August 2019: A woman friend was chairing a meeting, the only woman in the room. A male entered the room and asked if SHE could go get some biscuits and take a coffee order for the group. She was more annoyed at herself that she did go get the coffees and biscuits…without calling the issue out.
February 2020: “I have to go back fulltime; my son is now 12 months old. My workplace doesn’t have a return to work program so its fulltime or leave. I didn’t even know it had maternity for my first child, no one said anything”.
January 2020: “I’m leaving research. It’s too hard and brutal on my mental health to compete for grants as I’m seen as child-bearing age.” So we lose talented 26/27-year-old female scientists who could be making a huge impact for our future due this conservative attitude and decision making power held by in many cases, privileged white males over 55?
October 2019: “Its really hard trying to juggle work and being a mum, doing the housework, school things.” It seems woman still think we must do it all.
September 2019: “I’m going to get <husband and children’s father> to babysit the kids so I can go out”. Why do we still view it as babysitting when the father looks after their own children?
March 2019: “When is International Men’s Day?”…and this was asked by a woman.
We may mean well but if we continue to just profile photos of women in a workplace and use language like the comments above, change and attitude will be at a snail’s pace.
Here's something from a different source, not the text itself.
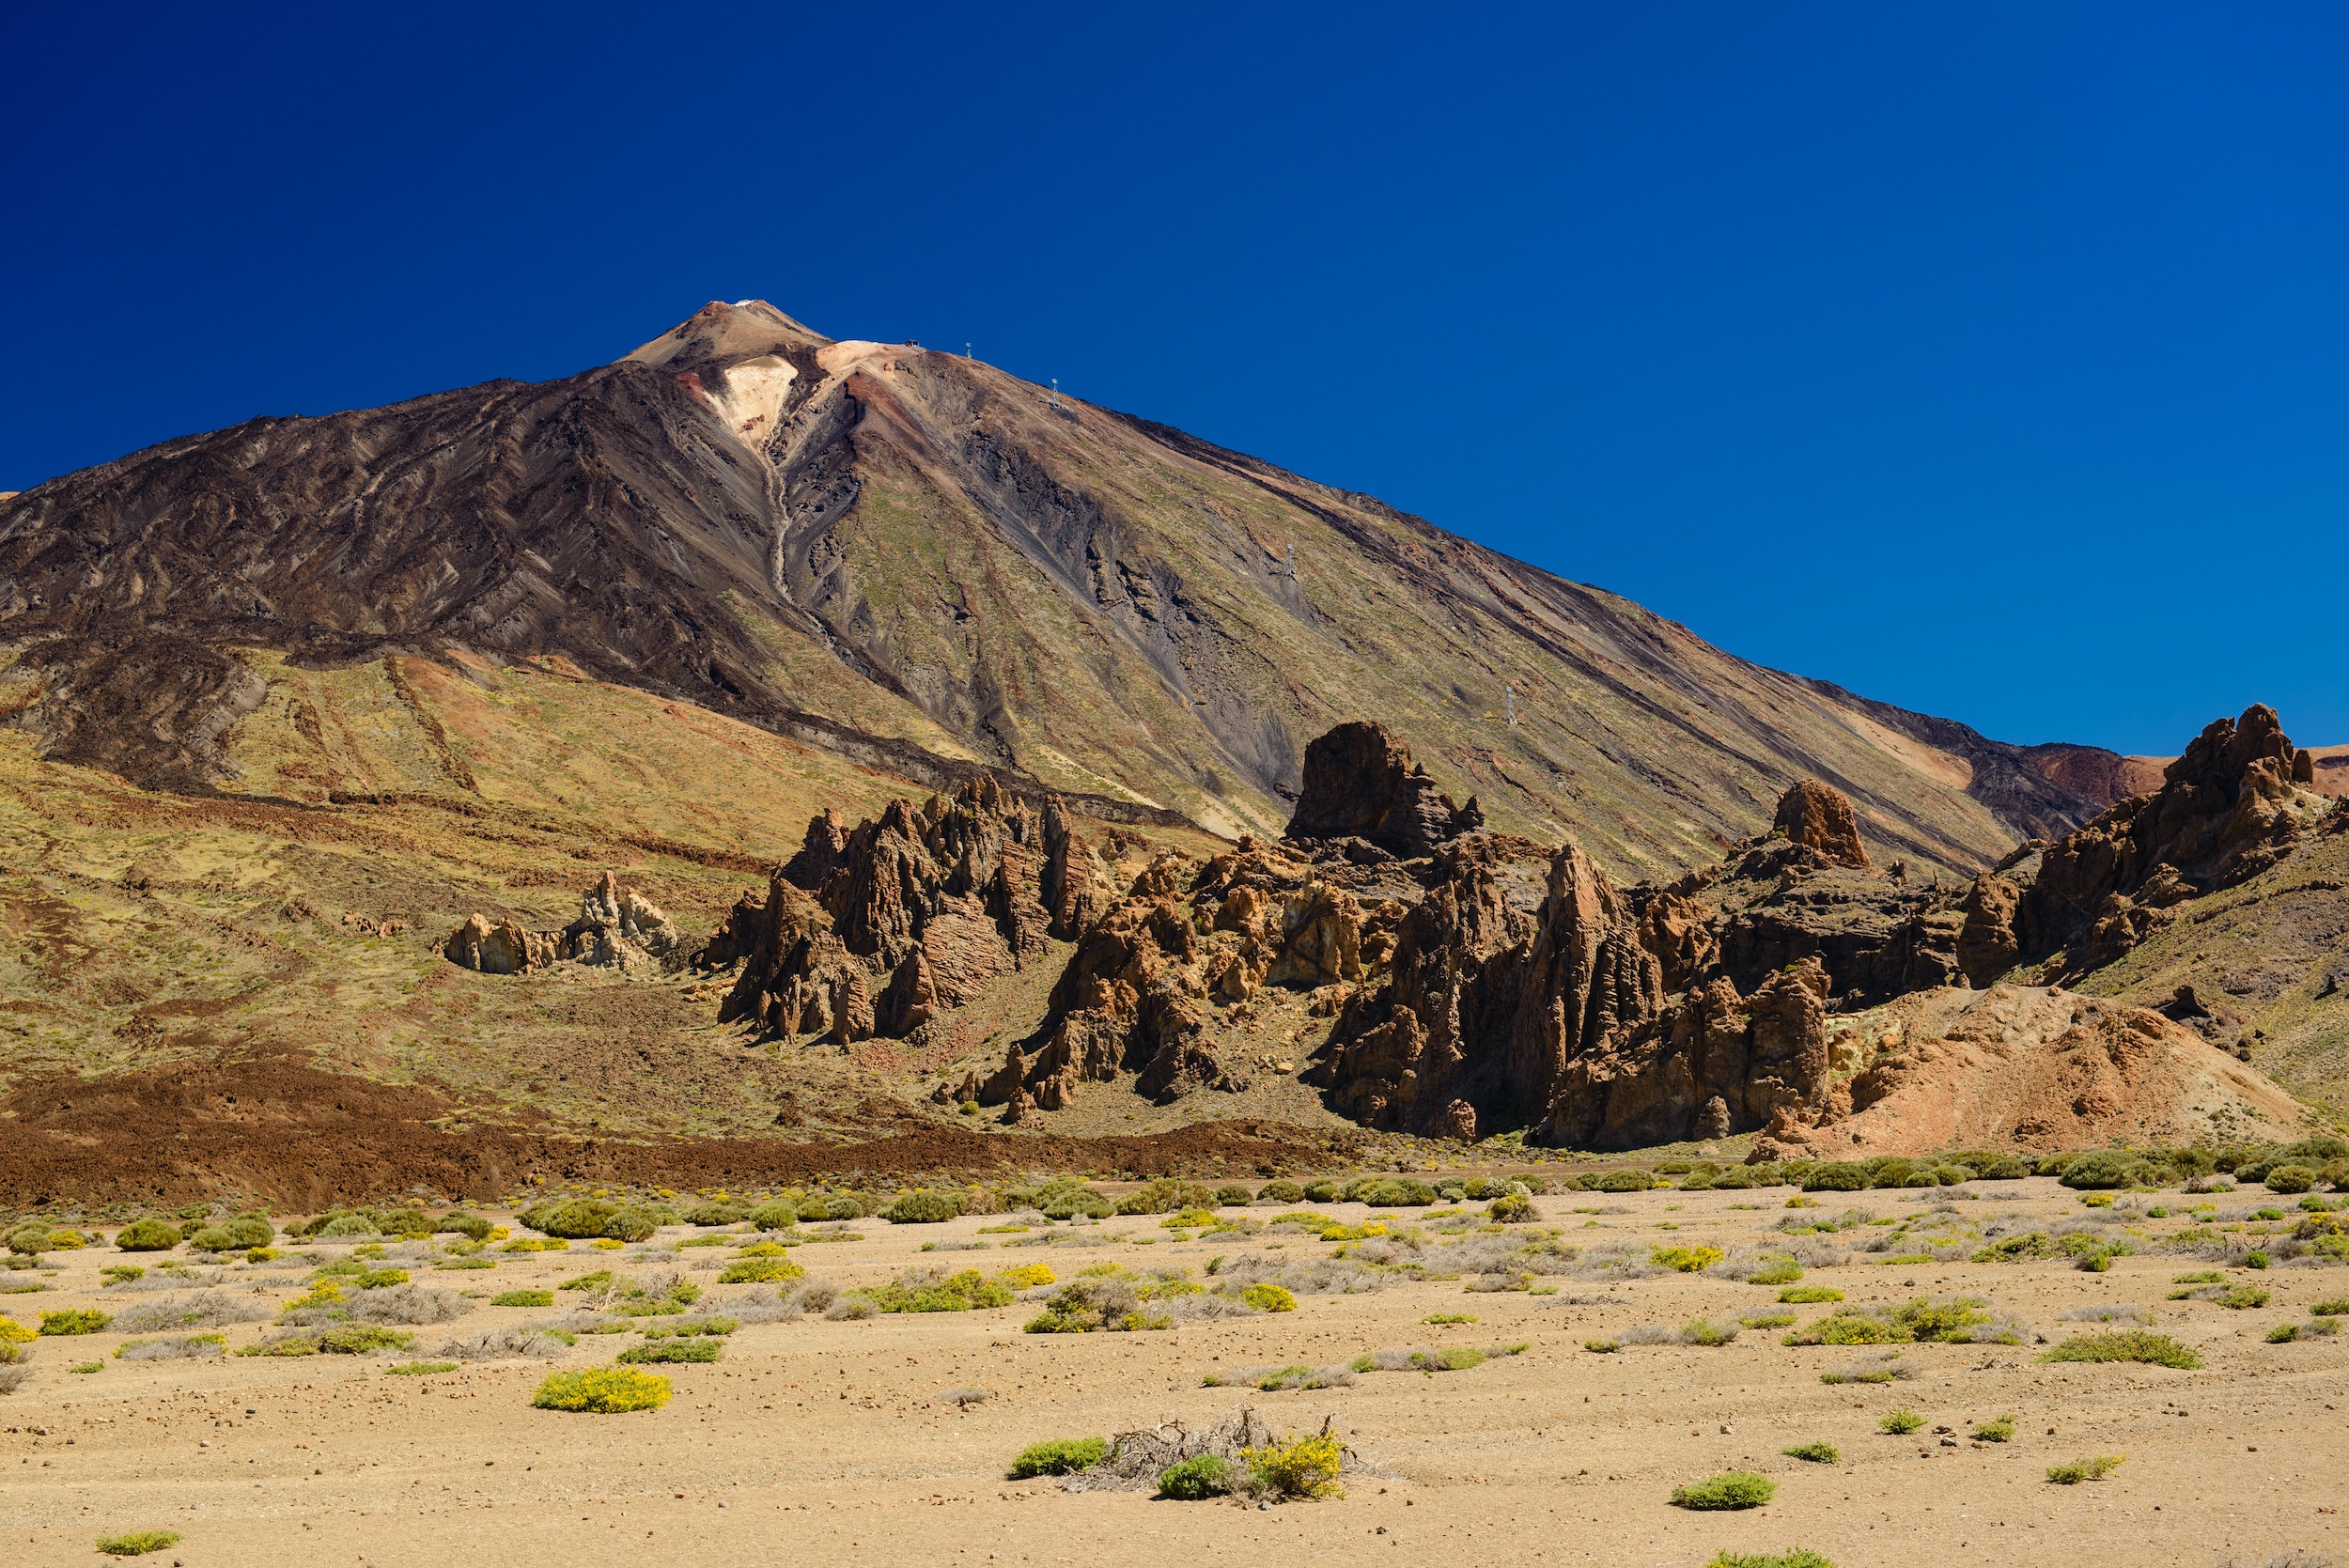 A superb destination for winter sun, dramatic landscapes and exciting day trips, Tenerife is a firm favourite.

As well as celebrating the contribution women, both past and present make to our society on this IWD take opportunities over lunch or coffee to talk with both males and females how we can make changes to ensure equality for the future.
Let’s make IWD more than just saying “Happy International Women’s Day”. Let’s make it more than just the “Oestrogen Club”.
Let’s make it about bringing change.
Image is a cake taken to a workplace this week to at least create a profile about the day. There were quite a few smirky smiles from the males…and they thought the cake was good but Im not sure it achieved anything about bringing change. Maybe next year!